Chlorine Dioxide, Cancer, and Oral Health

It is time for the medical world to reverse its position on the use of chlorine dioxide to treat disease. Even though still illegal to treat disease in all countries except one, we can use it legally to prevent cancer and other diseases that start in the mouth. Oral health is an important subject — and one that often gets overlooked in broader cancer discussions.

Oral hygiene isn’t just about avoiding cavities; the condition of the mouth is an early warning system for systemic inflammation and metabolic disorders. In fact, chronic oral infections create a biochemical environment that supports the very processes underlying cancer formation. Oral inflammation, gingivitis, and periodontitis are an invisible highway to cancer.

The underlying causes of periodontal disease are infectious agents such as viruses, bacteria, spirochetes, amoebas, and fungi. Periodontitis reflects the macroclimate of the entire body. In periodontal disease, the pathogens form a sticky, colorless plaque (Biofilm) that constantly forms on our teeth; however, other factors can cause periodontal (gum) disease or influence its progression.
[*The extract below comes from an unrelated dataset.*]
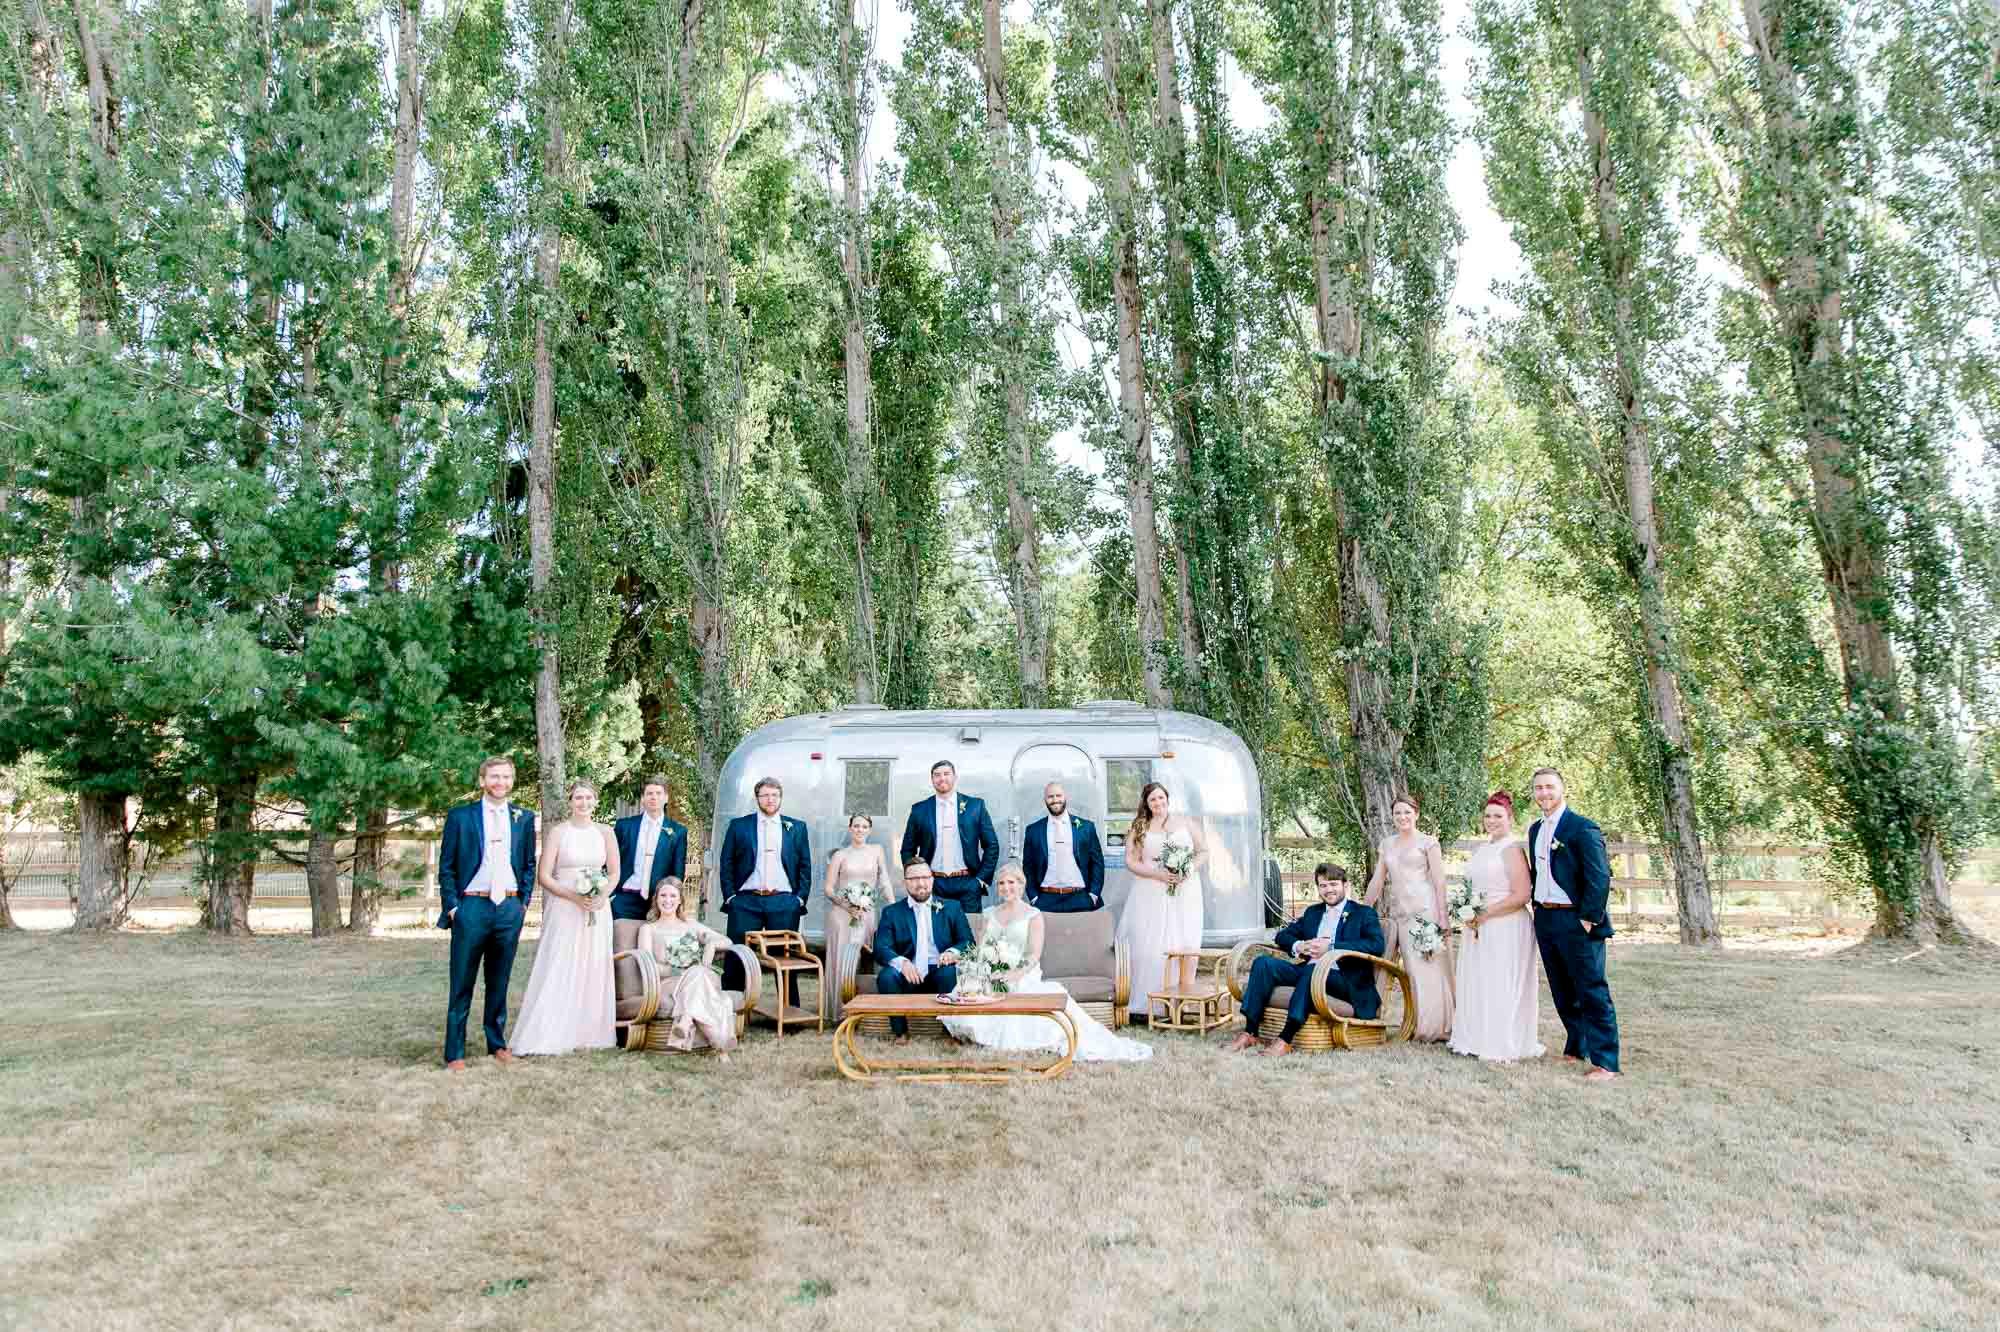 whidbey-island-wayfarer-destination-wedding 19.jpg

Harvard Medical School researchers studied longevity and found that one of the most critical factors in preventing periodontal disease and gingivitis is daily flossing, as it removes bacteria from the teeth and gums. Chlorine dioxide also will do an excellent job, even when used just once a day for sublingual absorption, and will quickly remove viruses, bacteria, and fungi from the mouth.

Oral candidiasis, a fungal infection of the mouth, is more common among people with diabetes and those who wear dentures. If you smoke, have high blood glucose levels, or take antibiotics often, you are more likely to have a problem with oral fungal infections. Oral candidiasis is also more common amongst immunocompromised people, such as those who have HIV or AIDS, are pregnant, or are undergoing chemotherapy or radiation therapy.
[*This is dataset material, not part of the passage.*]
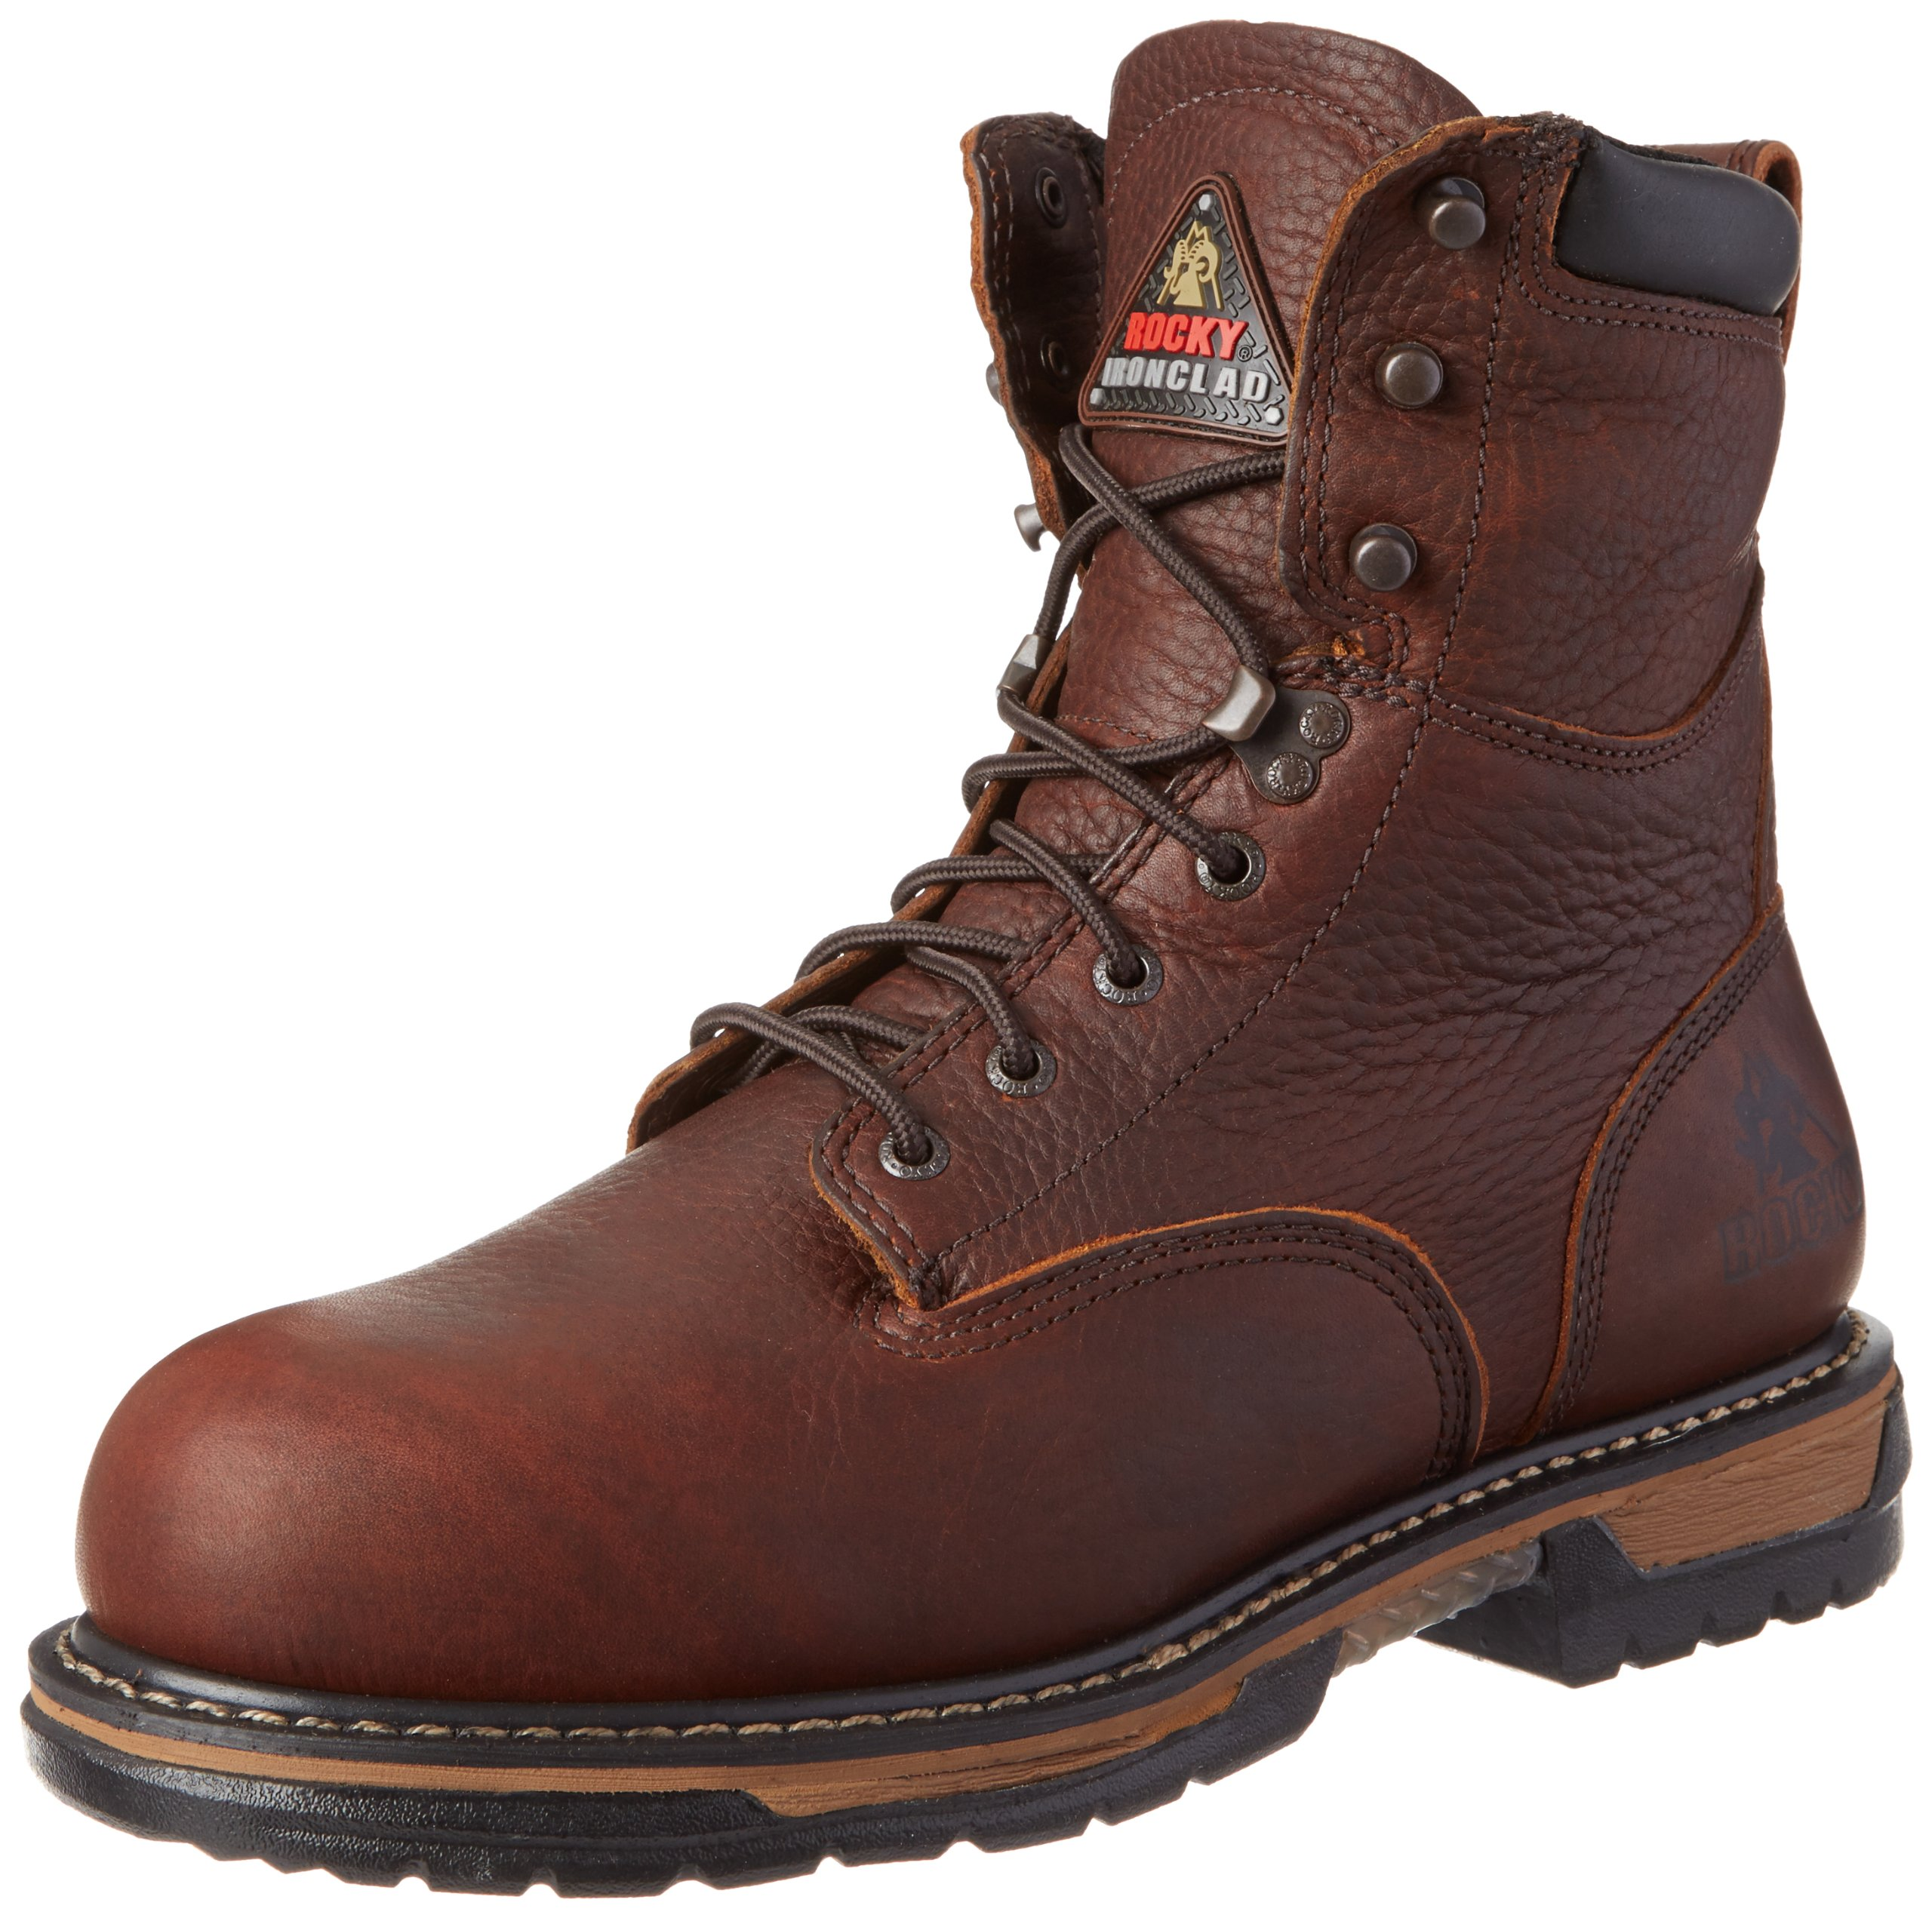 Rocky Men's Iron Clad Eight Inch Steel Toe Work Boot,Brown,10 M US

In a landmark 2007 study led by Dr. Dominique Michaud, published in the Journal of the National Cancer Institute, was a prospective cohort analysis of 51,529 U.S. male health professionals found the first strong evidence that periodontal disease increases the risk of pancreatic cancer,” Men with a history of periodontal disease had a 64% increased risk of pancreatic cancer than men with no such history.

Periodontal pathogens (e.g., Porphyromonas gingivalis) or inflammatory mediators enter the bloodstream, contributing to systemic inflammation that may promote carcinogenesis in distant organs, such as the pancreas. Later studies (including Dr. Michaud’s 2018 work) confirmed broader links between severe periodontitis and overall cancer risk (24% increase) and specific cancers, with pancreatic cancer again showing consistent associations.

One study found that after rinsing with the mouthwash containing ClO₂ for 7 days, morning bad breath decreased and reduced the concentrations of H₂S, CH₃SH, and (CH₃)₂S. Moreover, ClO₂ mouthwash used over 7 days appeared effective in reducing plaque, tongue coating accumulation, and the counts of Fusobacterium nucleatum in saliva.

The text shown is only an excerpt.